**WHAT THE EXERCISE ASKS**
Without the pictures, copy all of the data exactly.

**THE DATA**
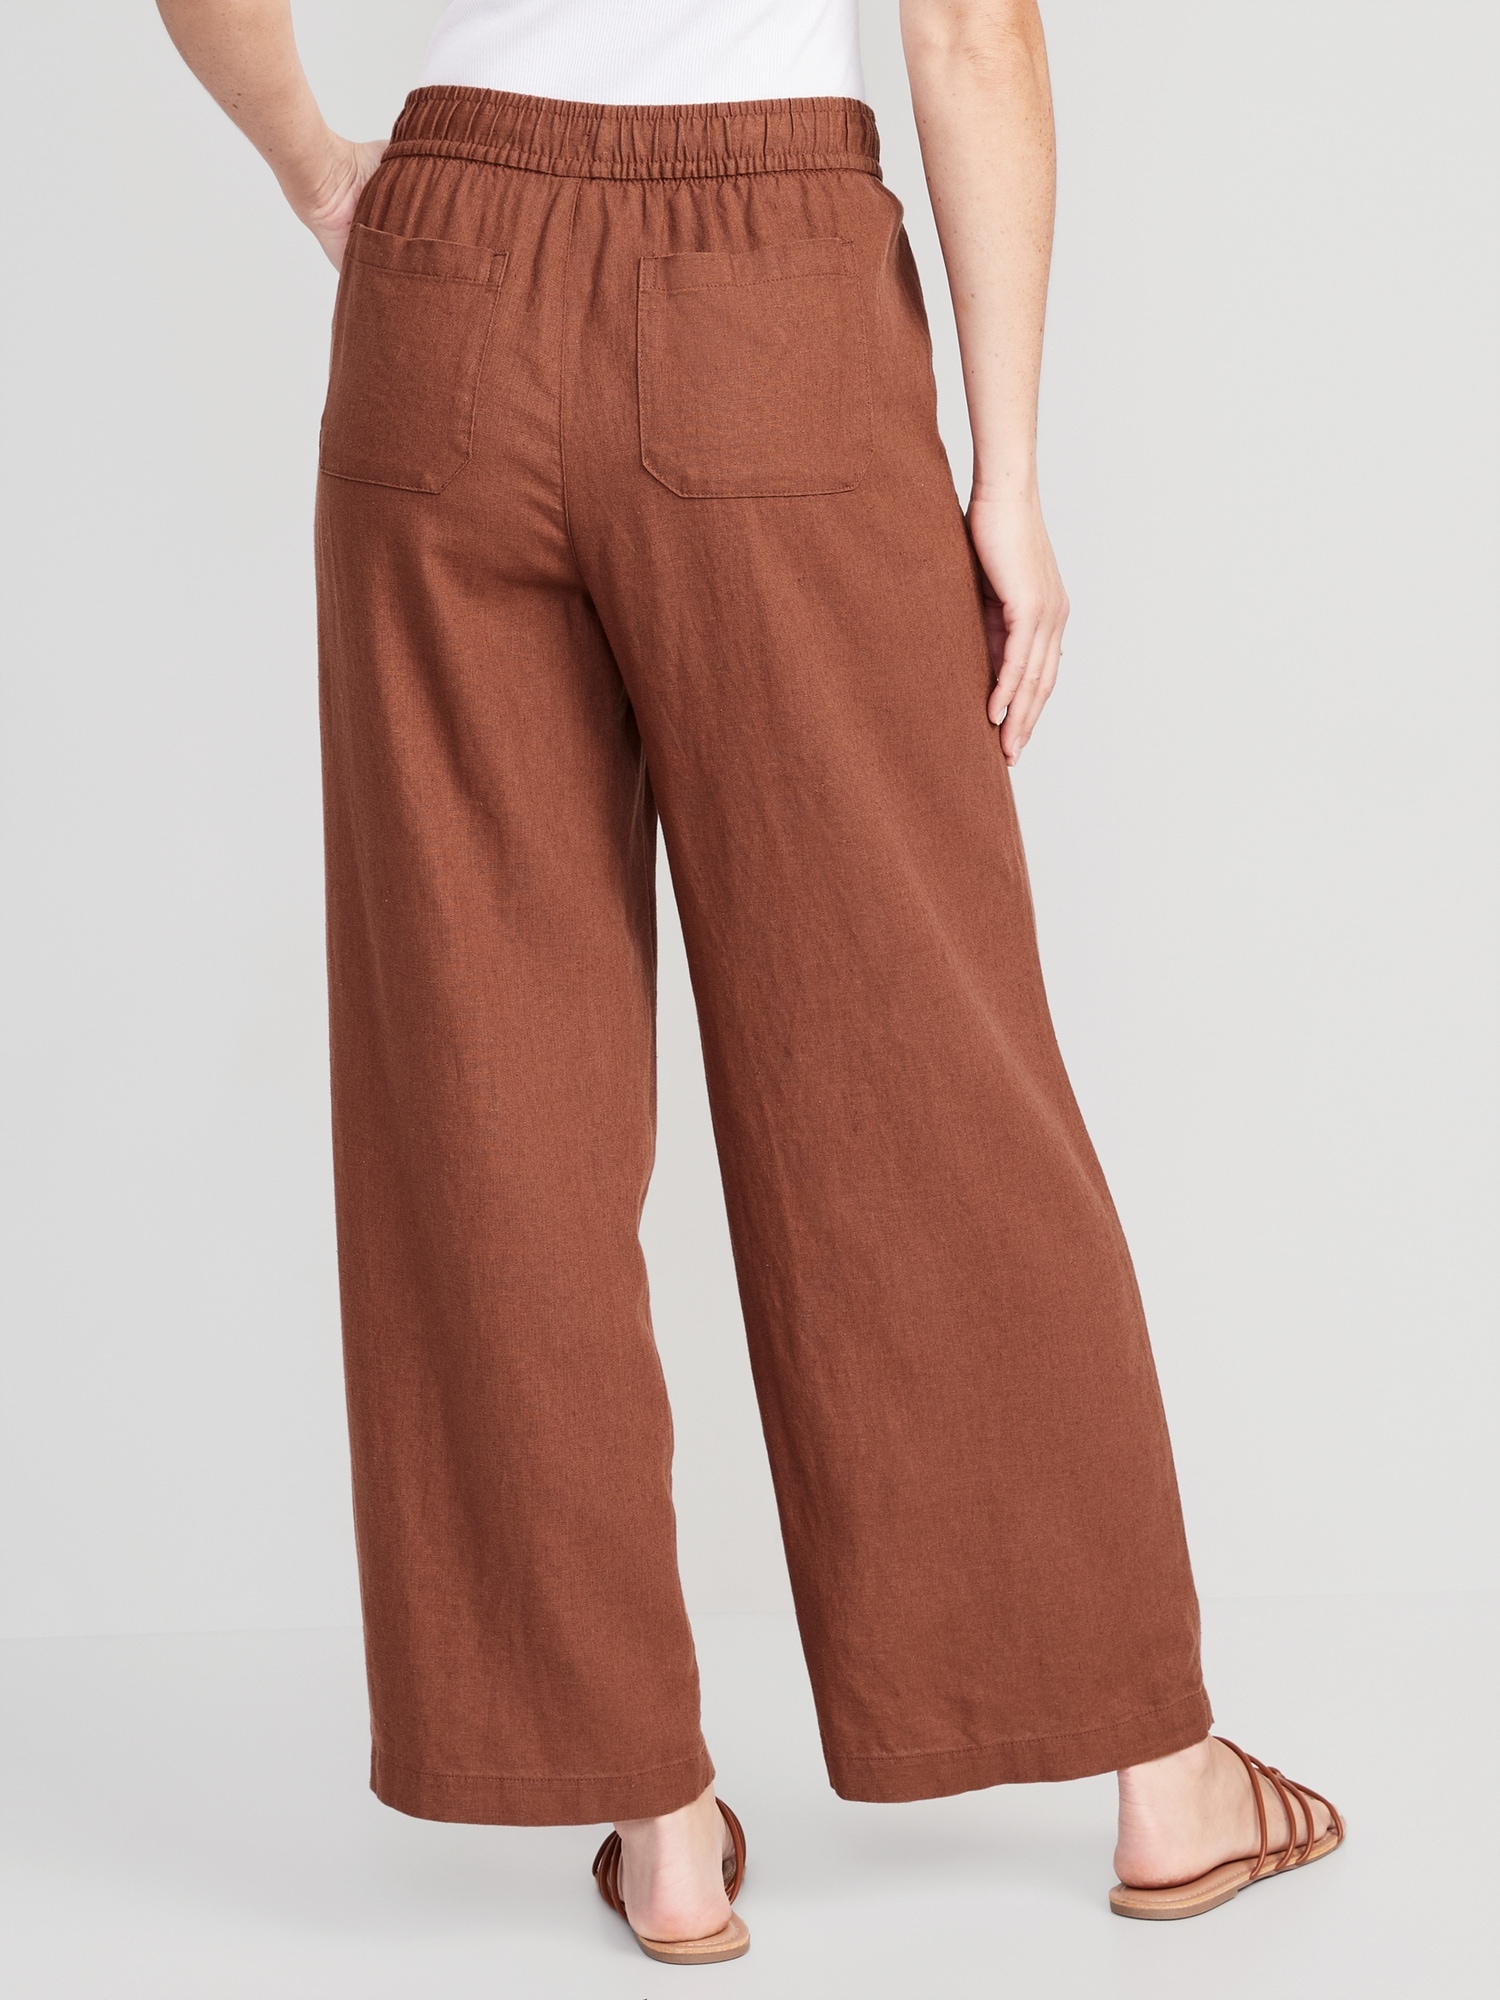 Best Linen Pants 2023 - Forbes Vetted
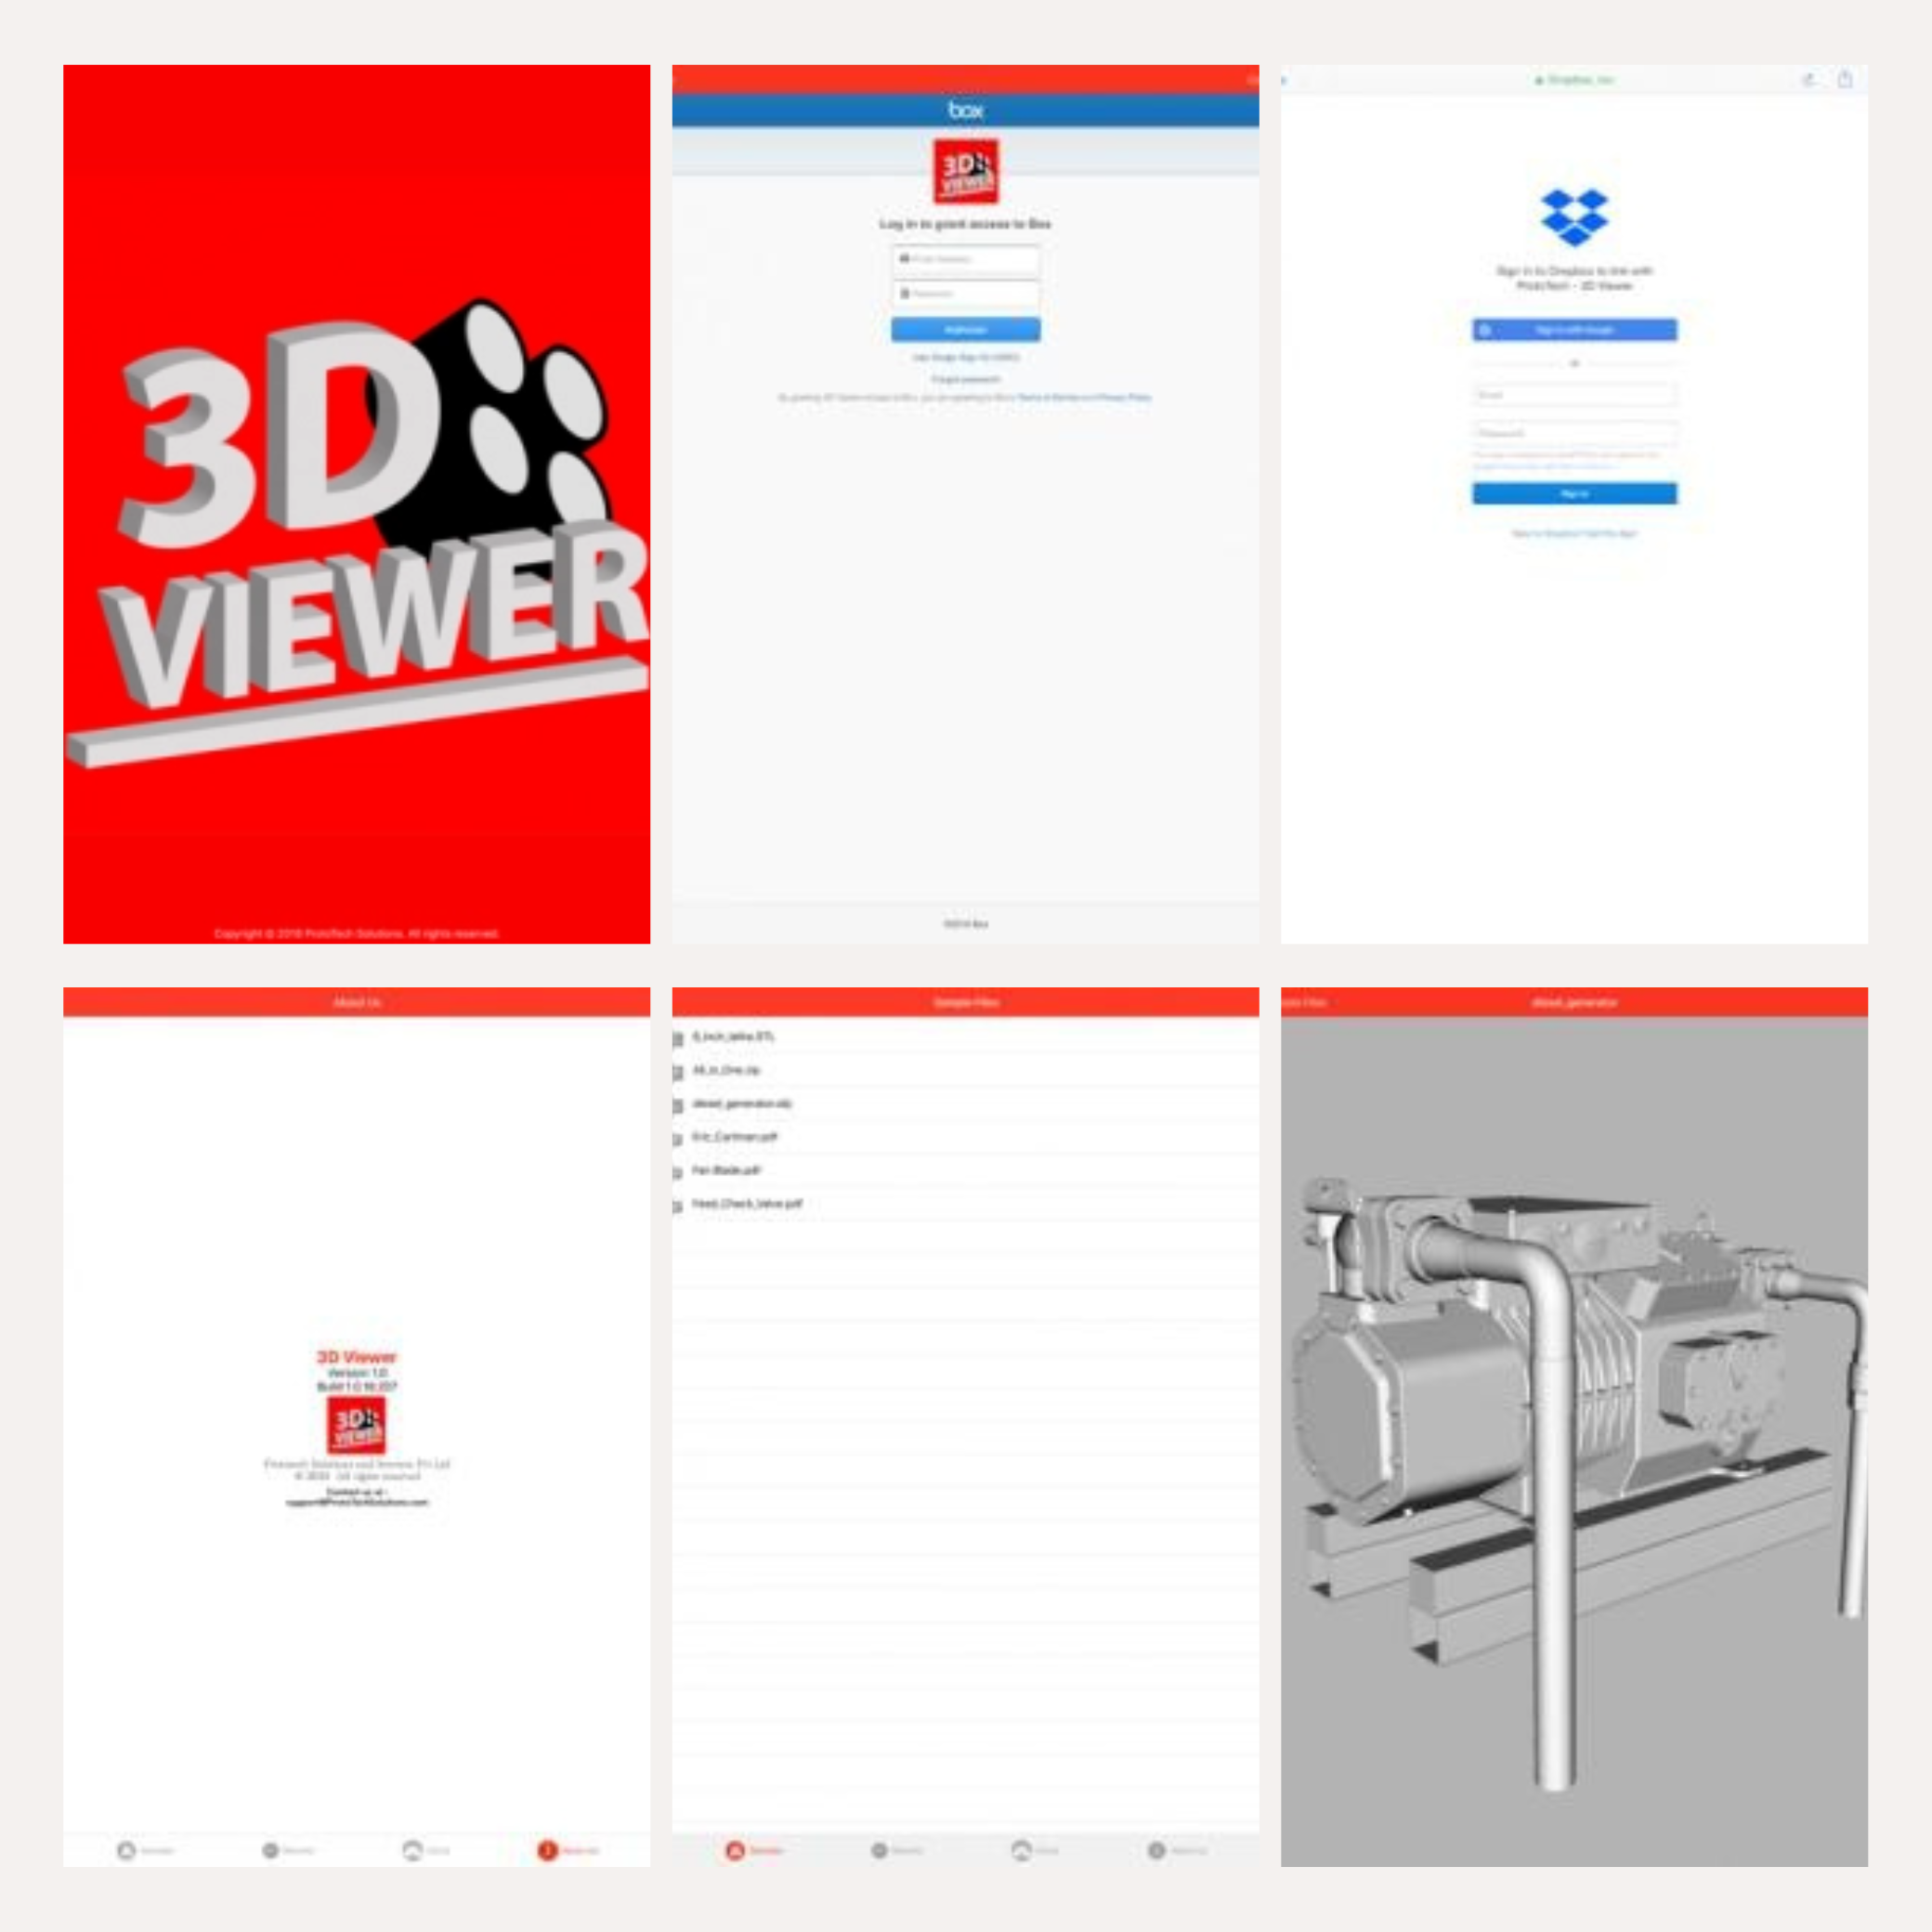 Features of 3D viewer for iOS device
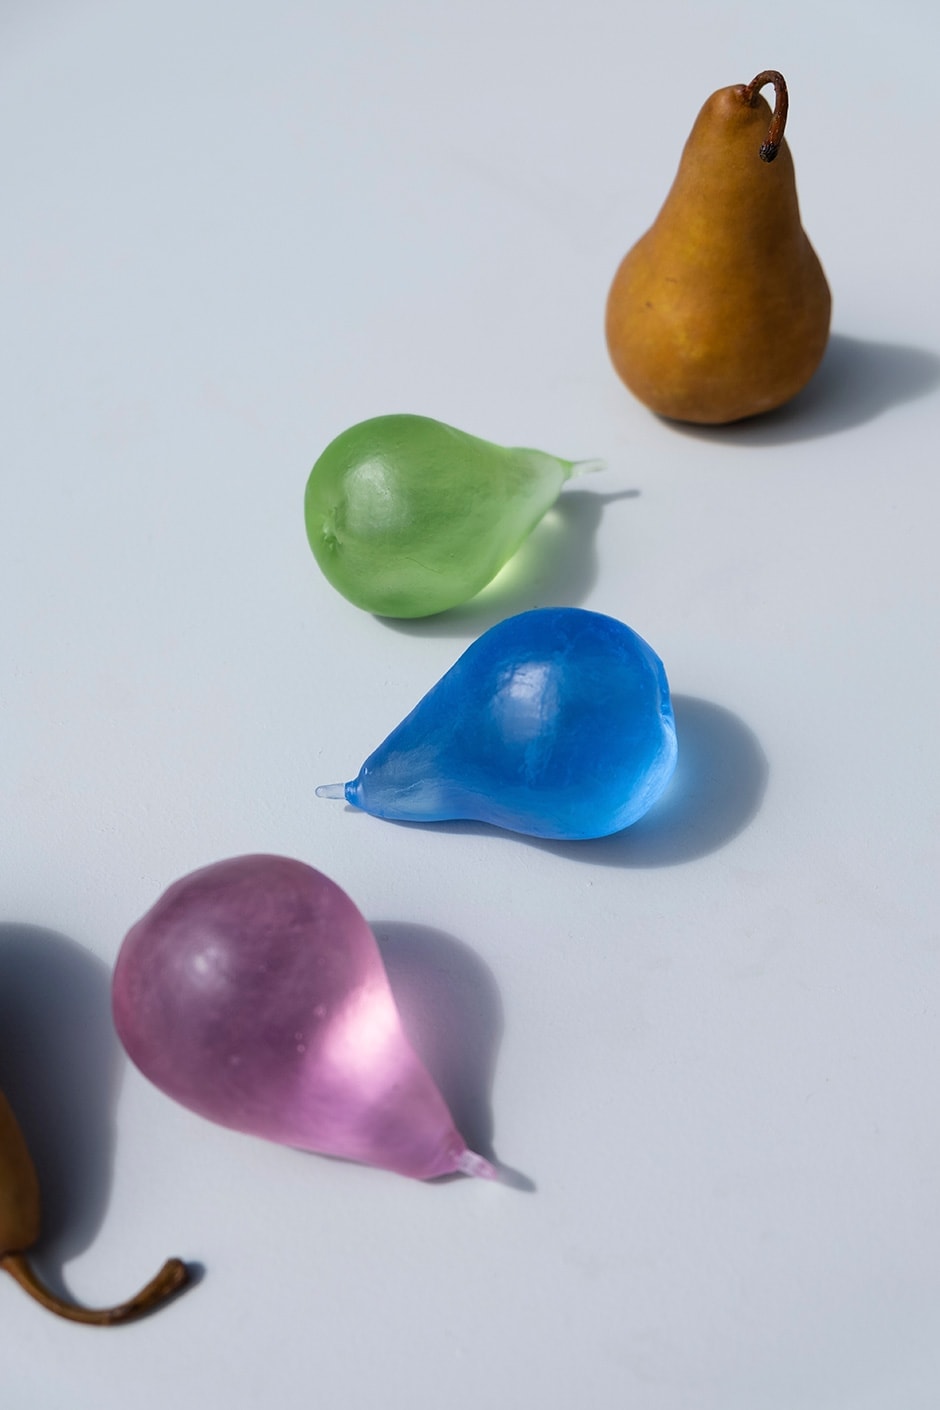 The Devon Made glass fruit series had us at ‘banana’

**RESPONSE**
 Best Linen Pants 2023 - Forbes Vetted
 Features of 3D viewer for iOS device
 The Devon Made glass fruit series had us at ‘banana’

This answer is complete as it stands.